> **THE TASK**: Reproduce the listing below exactly. Pictures do not belong in the copy.
━━━ DATA EXTRACT
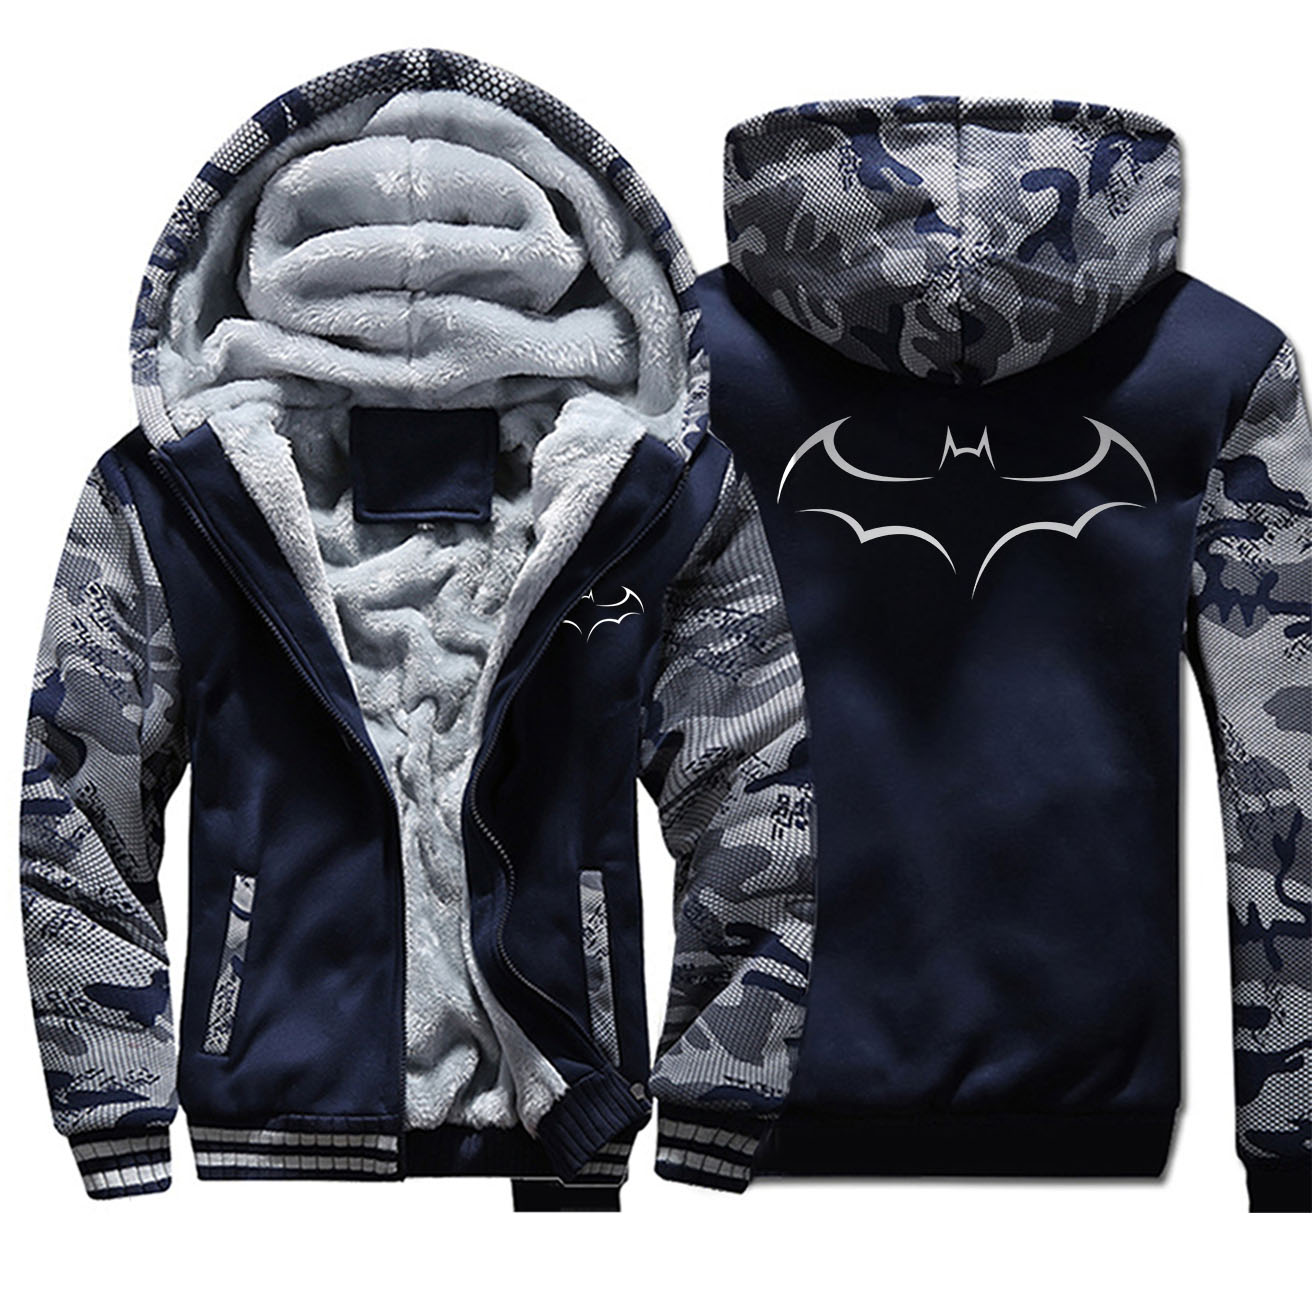 Batman Bruce Wayne Jackets Men Hoodies Superhero Sweatshirts Winter Thick Feece Zipper Coats Sportswear Camo Superhero Plus Size
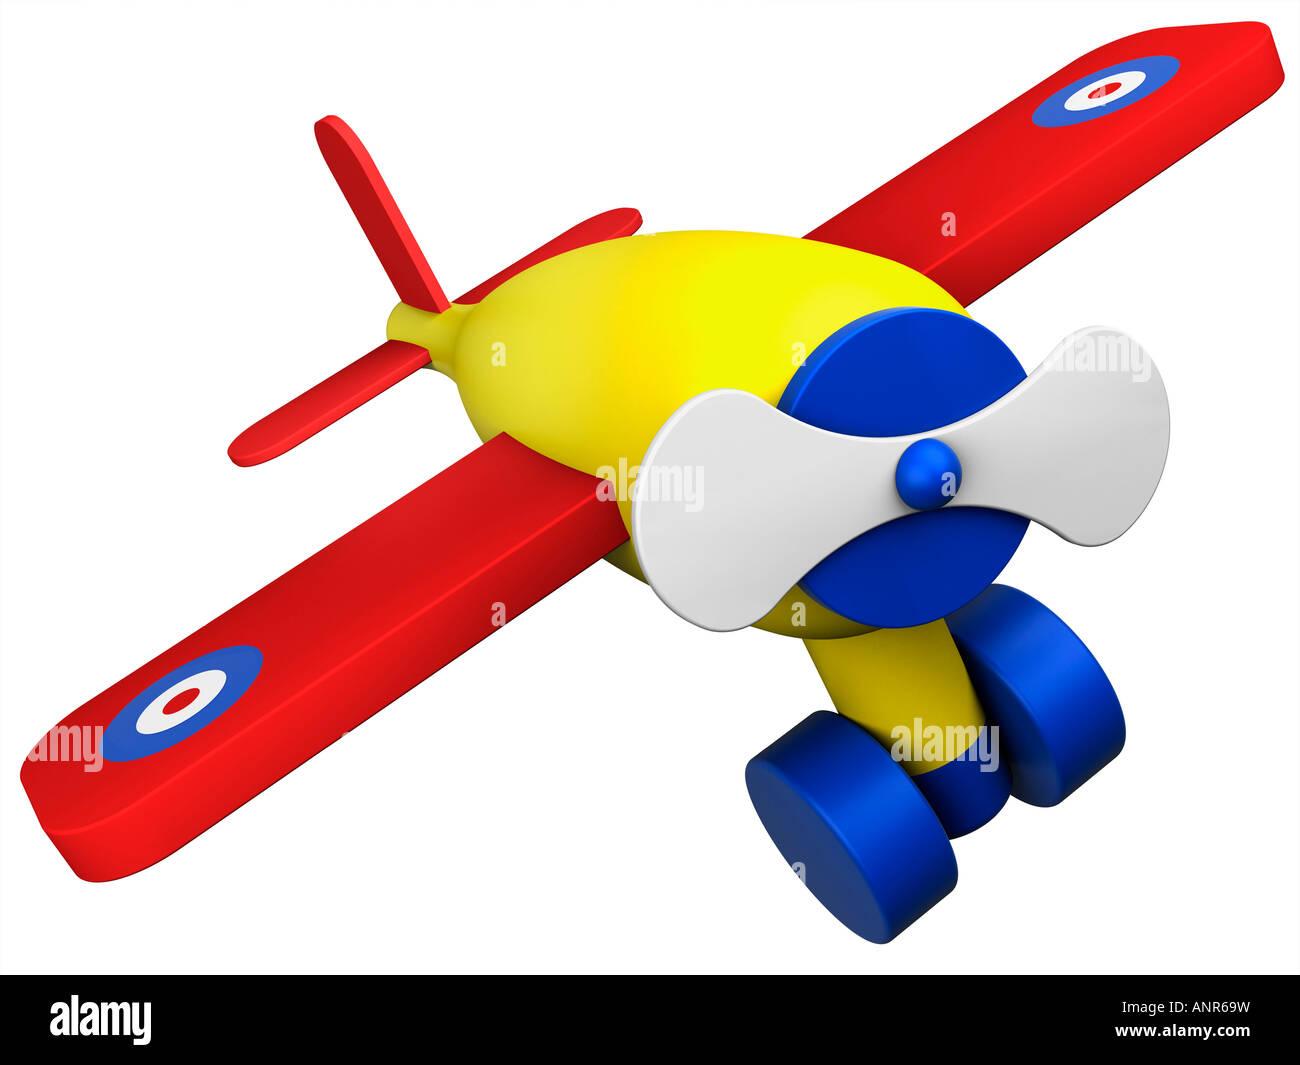 Toy wooden plane aeroplane airplane - Stock Image
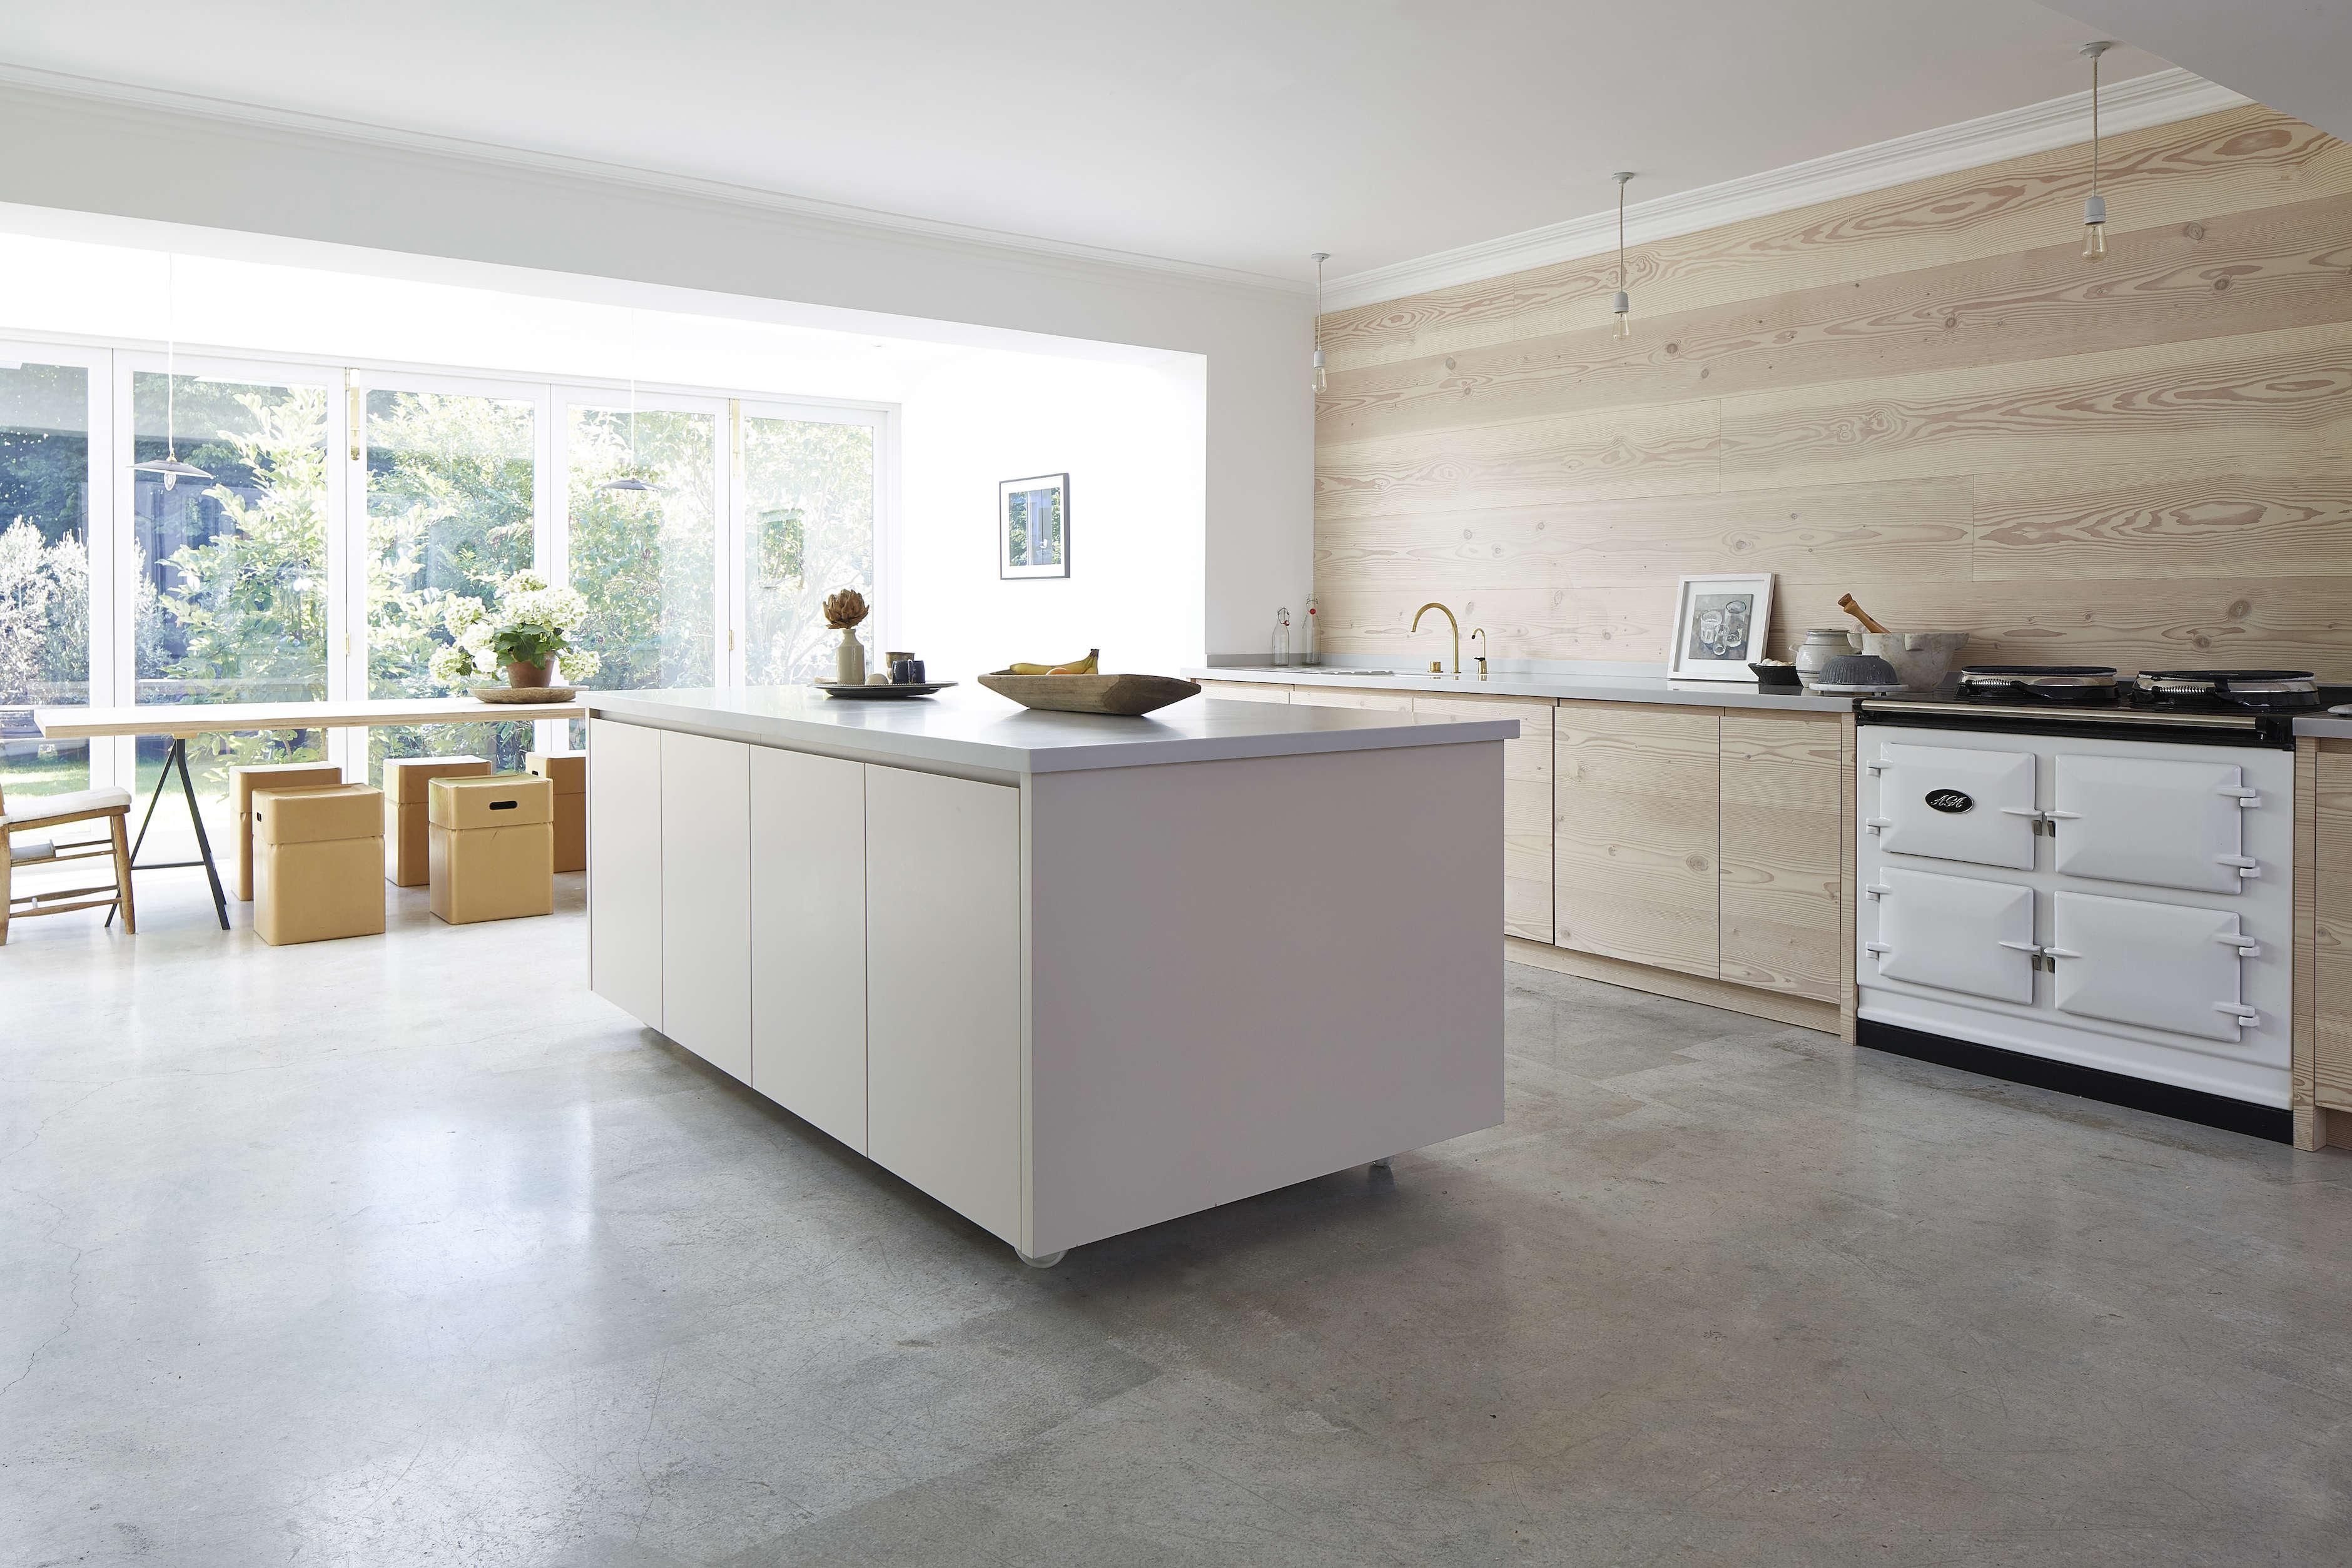 white minimalist kitchen island and window wall addition in a scandinavian pale 9
━━━━━━
> **ANSWER TO THIS PROBLEM**:
 Batman Bruce Wayne Jackets Men Hoodies Superhero Sweatshirts Winter Thick Feece Zipper Coats Sportswear Camo Superhero Plus Size
 Toy wooden plane aeroplane airplane - Stock Image
 white minimalist kitchen island and window wall addition in a scandinavian pale 9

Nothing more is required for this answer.